Palkoska admits that some aspects of the “legacy doctrine” persist in the form of the Army Physical Fitness Test. “One of the problems of the old fitness model is that units trained to the test, and that resulted in overtraining to certain aspects of fitness.” More than generating injuries in a large population of individual soldiers, it created an unbalanced paradigm of fitness in the Army at large. Efforts to change the APFT to reflect the new model of fitness have been going on since General Peter Schoomaker’s tenure as Chief of Staff. Though the old APFT remains the standard, Palkoska says that new initiatives aim to update it in the next few years.

Without question, there is pressure to do well on the current APFT – not just as an individual, but as a unit. The quantifiable score that comes out of the APFT becomes the easiest measure of “success” for a young platoon leader trying to impress his Commander. Raising the platoon’s APFT average is a simple, quantifiable means of “doing well.” The problem, as the argument goes, is that this often results in physical training regimens that train to the test, emphasizing the ability to do 2 minutes of push-ups, 2 minutes of sit-ups, and run 2 miles as fast as possible at the expense of other, more “combat focused” physical training.

And it is true, that just because a soldier can score a 300 on their APFT doesn’t mean they can perform their physical job better than someone who scores less.

When I was in basic training, I was the first in my platoon to score a 300 on the APFT. Nonetheless, I was one of the weakest foot marchers in the platoon. I only weighed 140lbs at the time, and my ability to do a bunch of push-ups and sit-ups and breeze through the run didn’t help me much when I was carrying a heavy rucksack, a weapon, and walking up and down Sand Hill.

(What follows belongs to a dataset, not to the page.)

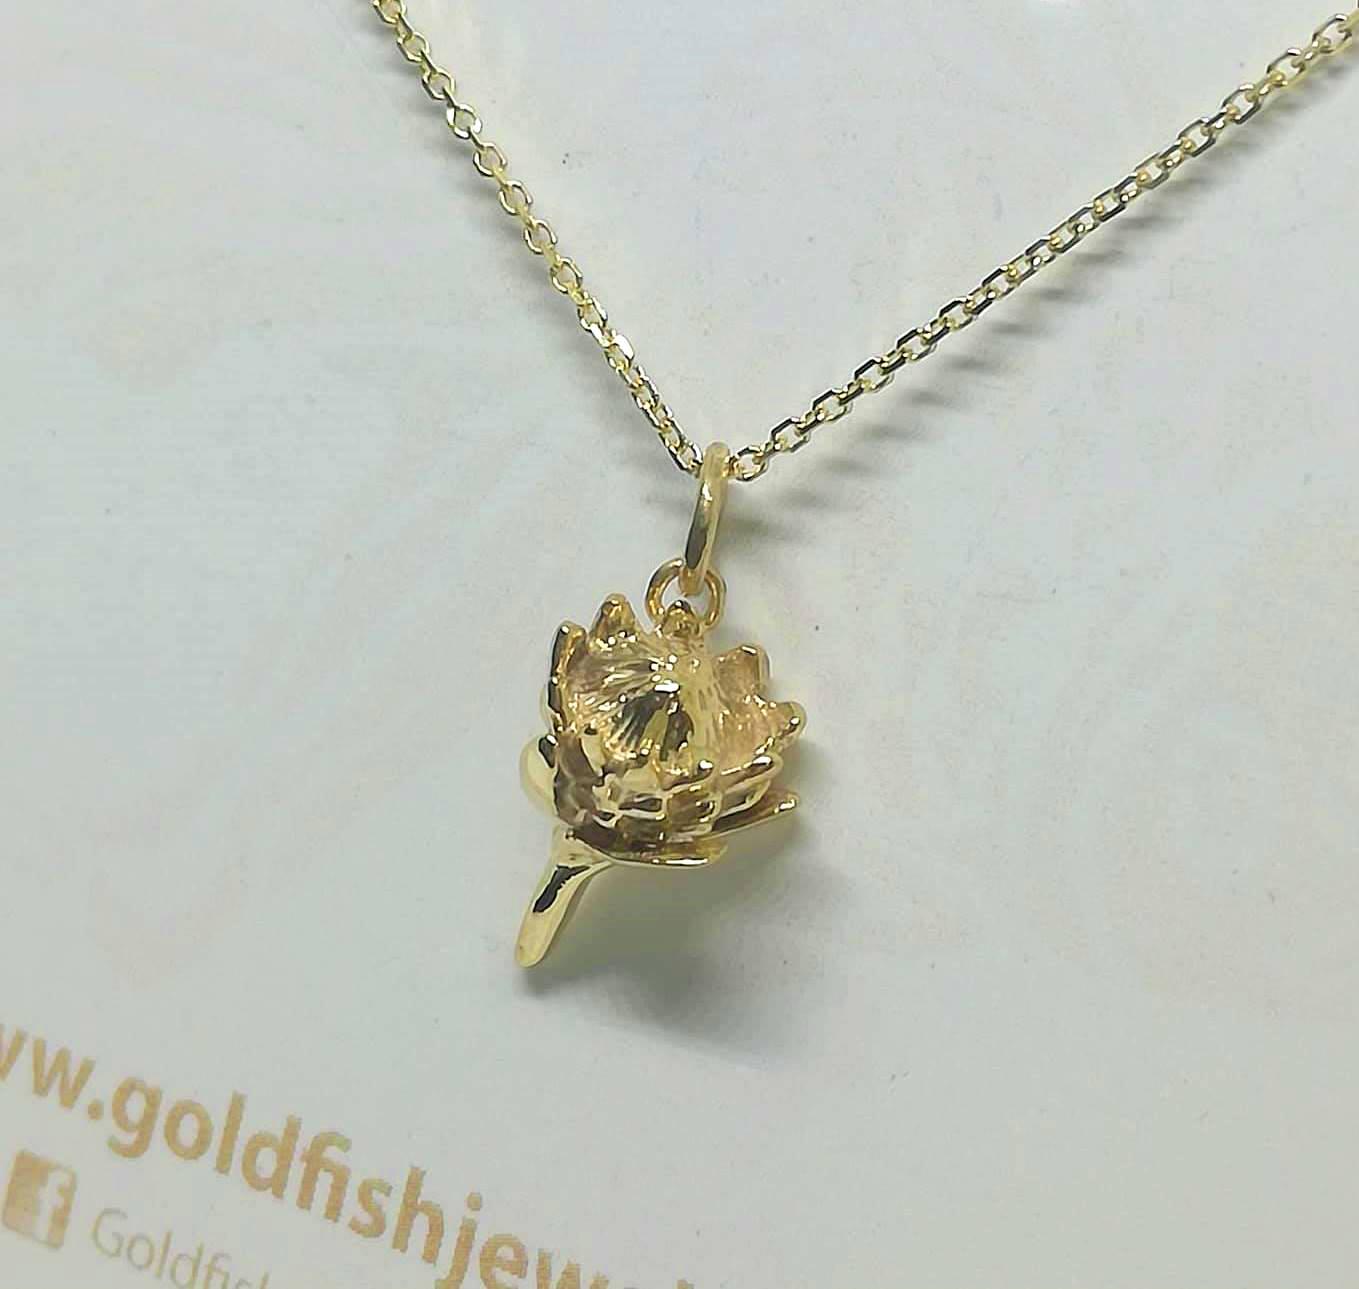 9ct Yellow Gold Small Protea Pendant | Goldfish Jewellery Design ...

It wasn’t until I started weight lifting and packing on some muscle that carrying a rucksack became less of a burden. Preliminary research from StrongSwiftDurable also correlates upper-body strength with rucking ability.

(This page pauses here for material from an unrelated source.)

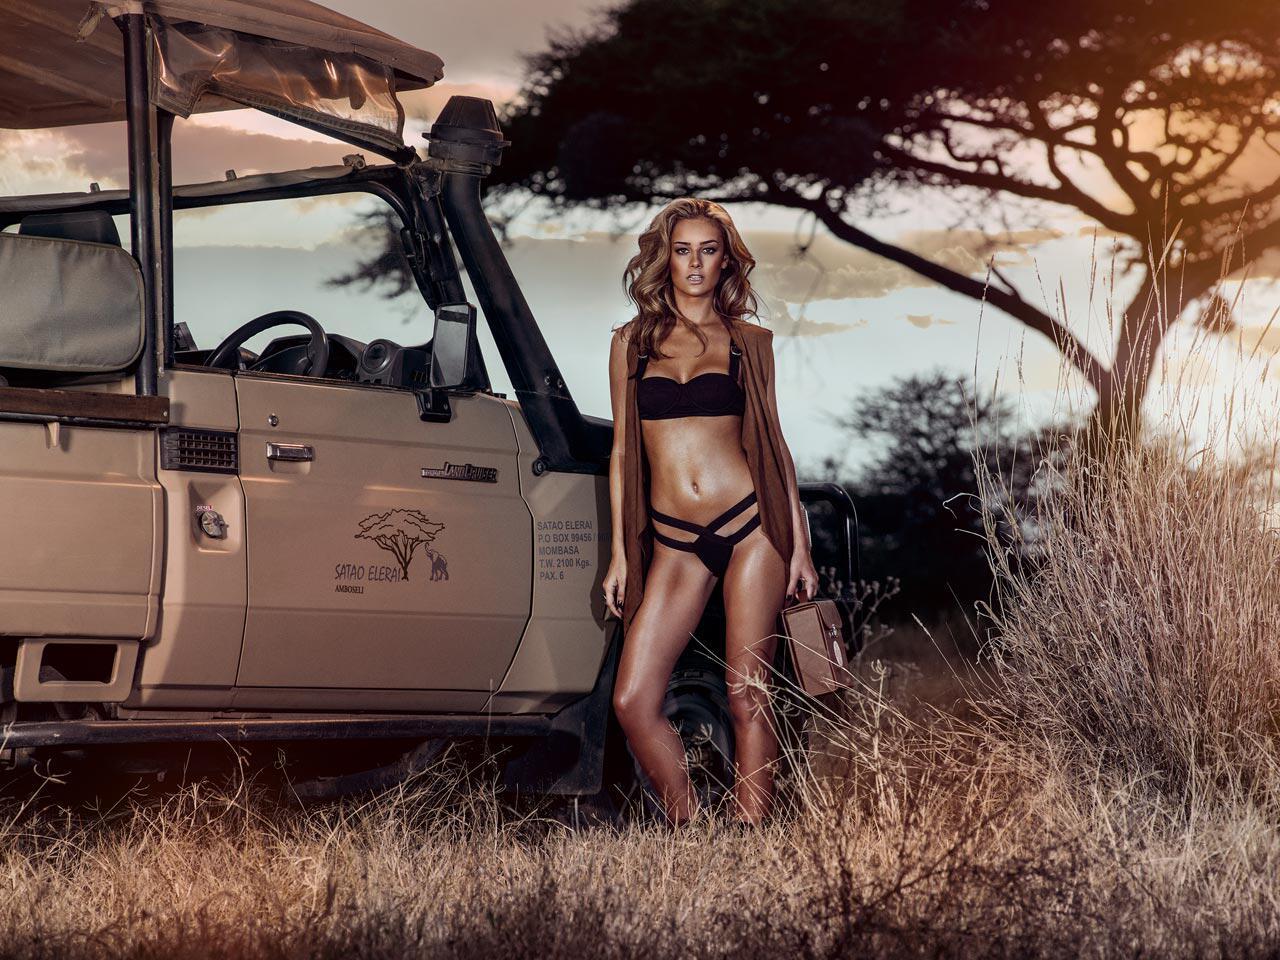 Bild zu Tuning-Kalender 2015: Veronika Klimovits in Kenia

So I am in agreement that the APFT is not an absolute measure of physical ability. And I am sure there are a host of really fantastic fitness tests out there that could eek out a better way of identifying where individual soldiers stand when it comes to their physical ability to actually perform their jobs.

However, what those tests lack – and I’ve seen a number of the proposed tests – is practicality and feasibility.

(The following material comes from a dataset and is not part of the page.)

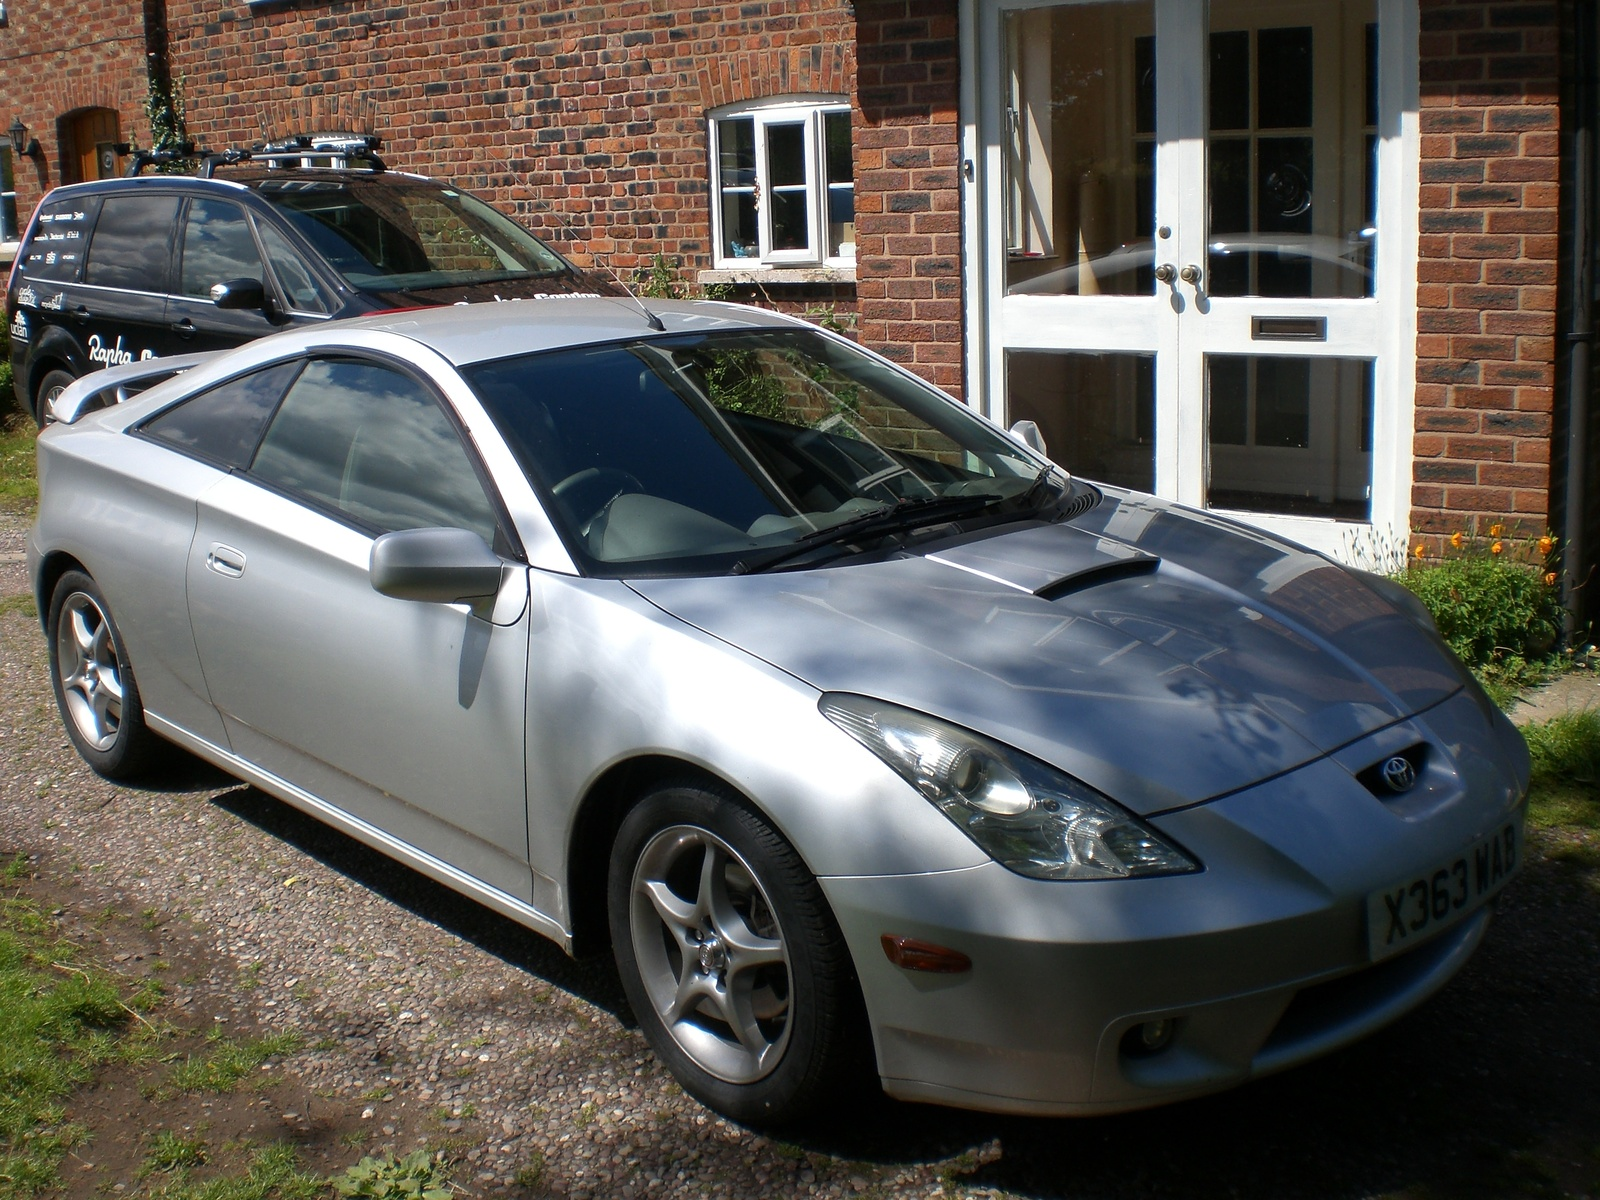 2001 Toyota Celica GTS picture, exterior

Soldiers in the active duty Army are supposed to take two “record” APFTs a year. In all of the years I’ve been in the military, the only time I’ve ever seen that enforced was when I was in a TRADOC environment, and taking APFTs was part of the course. In the operating force, it is a miracle to get a whole platoon doing physical training on a regular basis, and usually takes signficant prioritizing to get everyone together for an APFT.

The beauty of the APFT is that it requires no special equipment or space and can be completed for most elements during normal PT hours (usually between 0630 and 0745). All of the proposed fitness tests either require a bunch of extra equipment or space, and in some cases need to be tested over multiple days.

Additionally, there is evidence that performing well on the APFT generally corresponds with success in physically demanding courses, such as Special Forces Assessment and Selection (SFAS). The below is from USAREC’s notes on how to adequately prepare for and succeed at SFAS. In it, they make a direct correlation between APFT score and ability to pass the course.

Again, having a high APFT score does not mean you are in great physical shape for everything, but it does correspond to being in good shape generally.

Lastly, while it’s true that I’ve seen soldiers who could adequately do their jobs yet still perform average or even poorly on the APFT, I have never seen the opposite. That is, most soldiers I know who score well on the APFT generally are able to perform their jobs well and do not “suck” any more than other soldiers.

The APFT in its current form provides a good baseline measure of physical fitness while being relatively easy to administer. For those reasons, we should be very careful about discarding it altogether simply because it is not the perfect measure of combat fitness.